Hawkins met up with Lee and some of his former team-mates at last Thursday’s Celebration of Champions event organised by the Blackburn Rovers Former Players Association to honour the ’75 and ’95 title-winning teams.

And the centre-back, who went on to make 121 appearances for Rovers after making the move from Preston North End, admits it brought the memories flooding back.

“Gordon was a great influence,” said Hawkins, who was named in the 1974-75 PFA Third Division Team of the Year alongside goalkeeper Roger Jones and full-back Andy Burgin.

“I’d been brought up at Wolverhampton Wanderers and I was a defender who went to head it, stopped people from scoring, and kicked the ball up the other end of the field.

“So I had the shock of my life when I had my first training session at Altham and Gordon set it up, with Roger in goal and the back four, and he said, ‘right, this is how we’re going to play’.

“He turned round to myself and said, ‘you’re going to get the ball off Roger’, and I went blank. Nobody had asked me to do that before.

“But that was how we played, that was Gordon and nobody else.

“It took time but he was very patient and as long as everybody did their very best, he’d take the mistakes, but if anybody ducked and dived, they’d get a bit of a hammering.

“I remember when we were coming toward the end of the season, I thought ‘we’ve got one hell of a chance’.

“And of course the famous game was when we won 2-0 at home to Chesterfield to seal promotion.

“We then drew 0-0 with Wrexham, but as it ended up, it was enough for us to win the championship and the rest is history.

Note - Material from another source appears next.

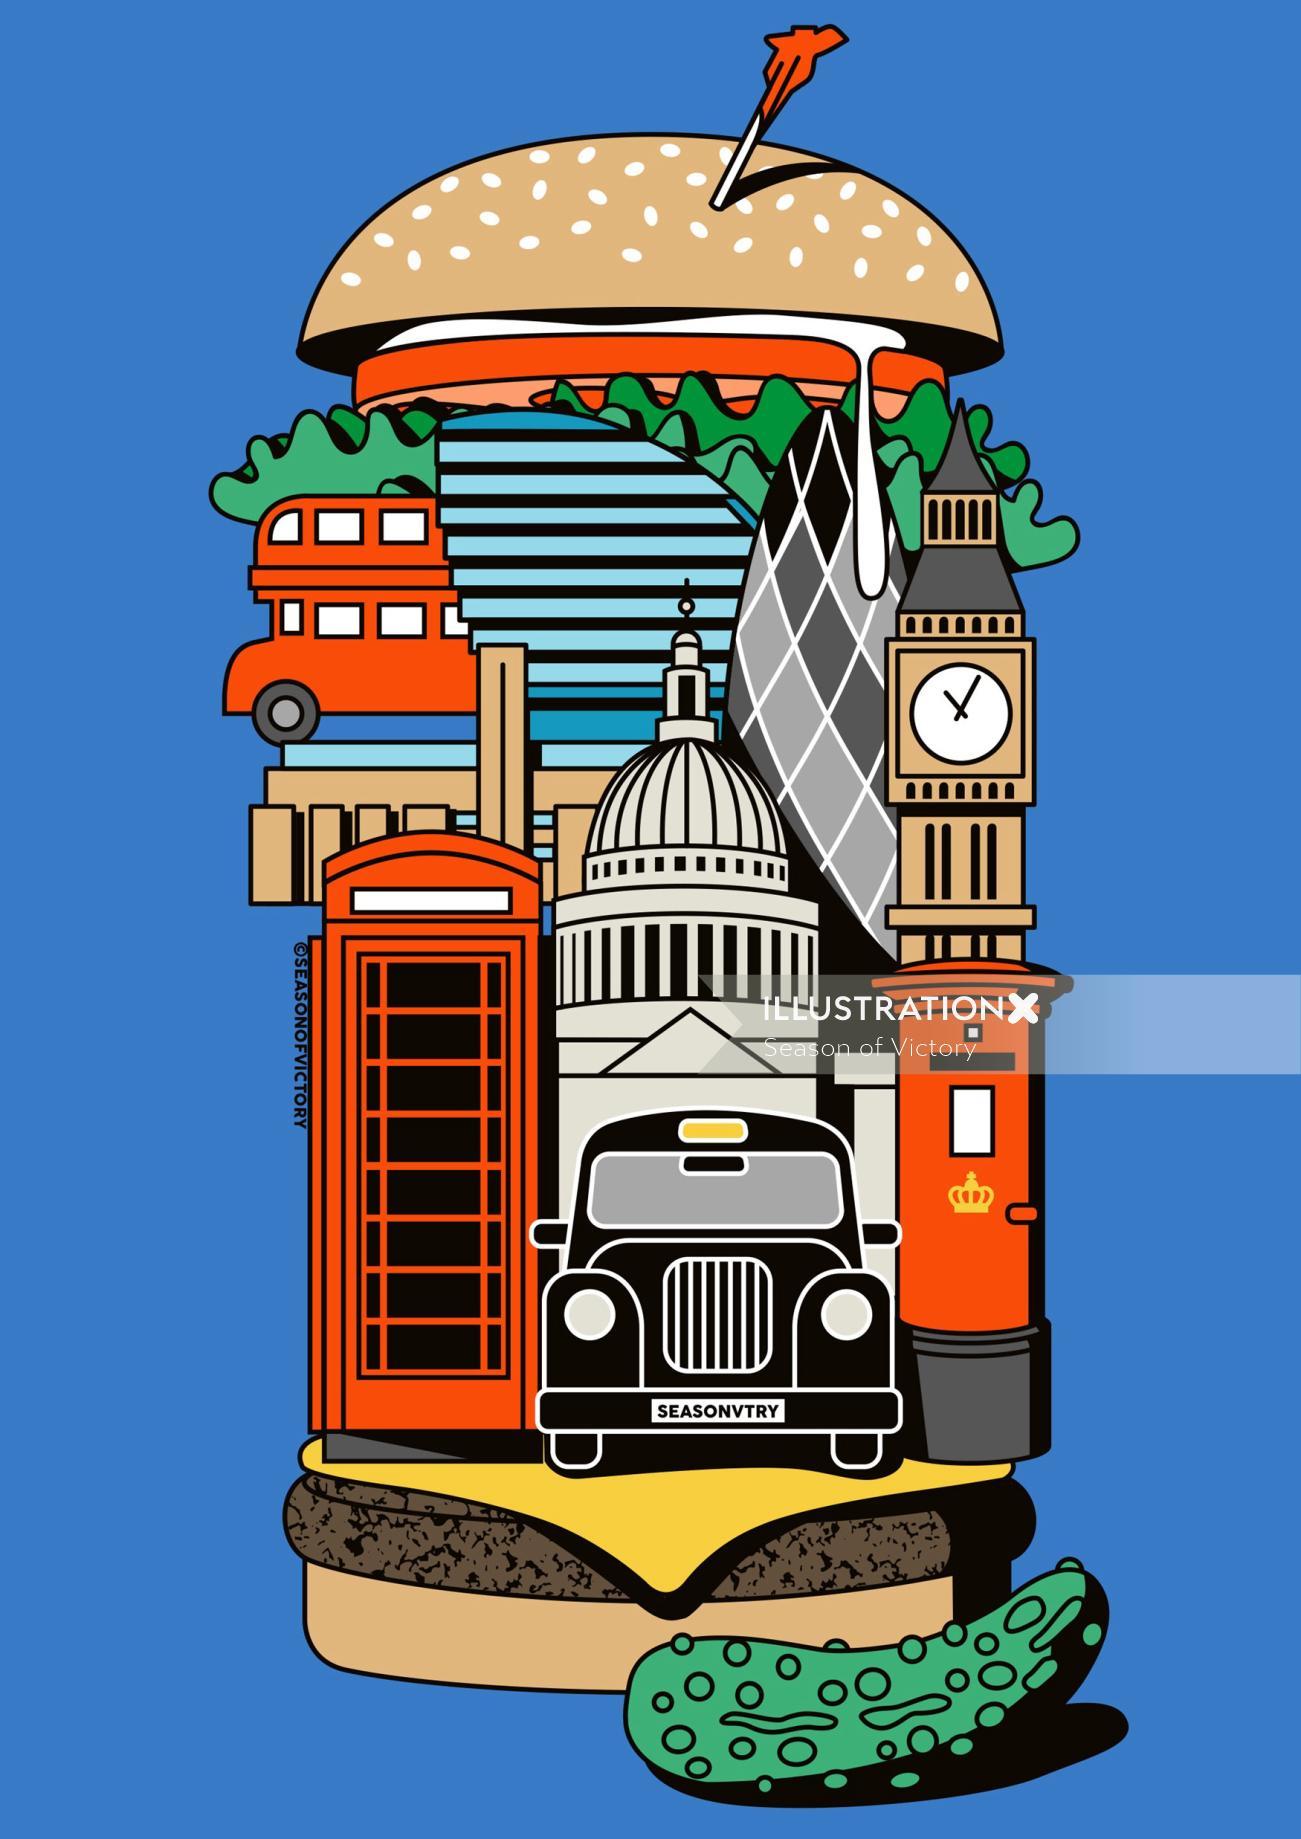 London restaurant guide editorial illustration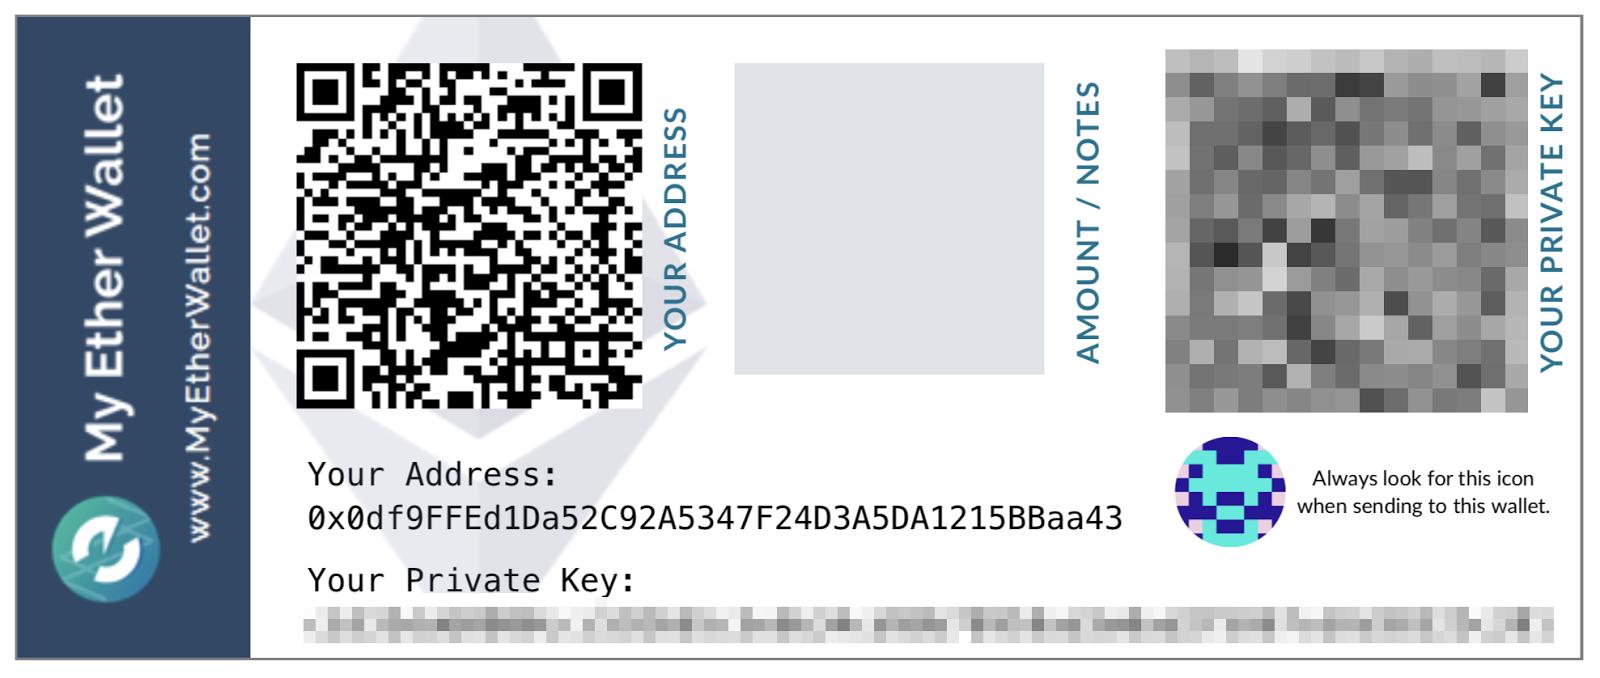 Com'è fatta una chiave pubblica Ethereum

“When you win the title and win promotion, after all the trials and tribulations that have gone before it, and the fans join in and come on the pitch, that’s what it’s all about.”

Hawkins’ centre-back partner for the second half of the season was the club’s record appearance holder, Derek Fazackerley.

Rovers legend Fazackerley, who lost his place at the start of the campaign to John Waddington, said: “It’s incredible – 40 years seems like yesterday.

“What we achieved was trumped 20 years later by the Premier League team but at that particular time it was a big achievement for Blackburn as we had slipped into the old Third Division.

“And particularly for players like myself, because I’d been involved in the club being relegated three seasons before.

“We started off the season with the intention of doing well. Gordon had come in three or four months toward the end of the previous season and then really set his marker down in the summer by bringing in three or four players like Graham Hawkins, Ken Beamish and Graham Oates.

“We hit the ground running and carried that on. It was a fantastic season.”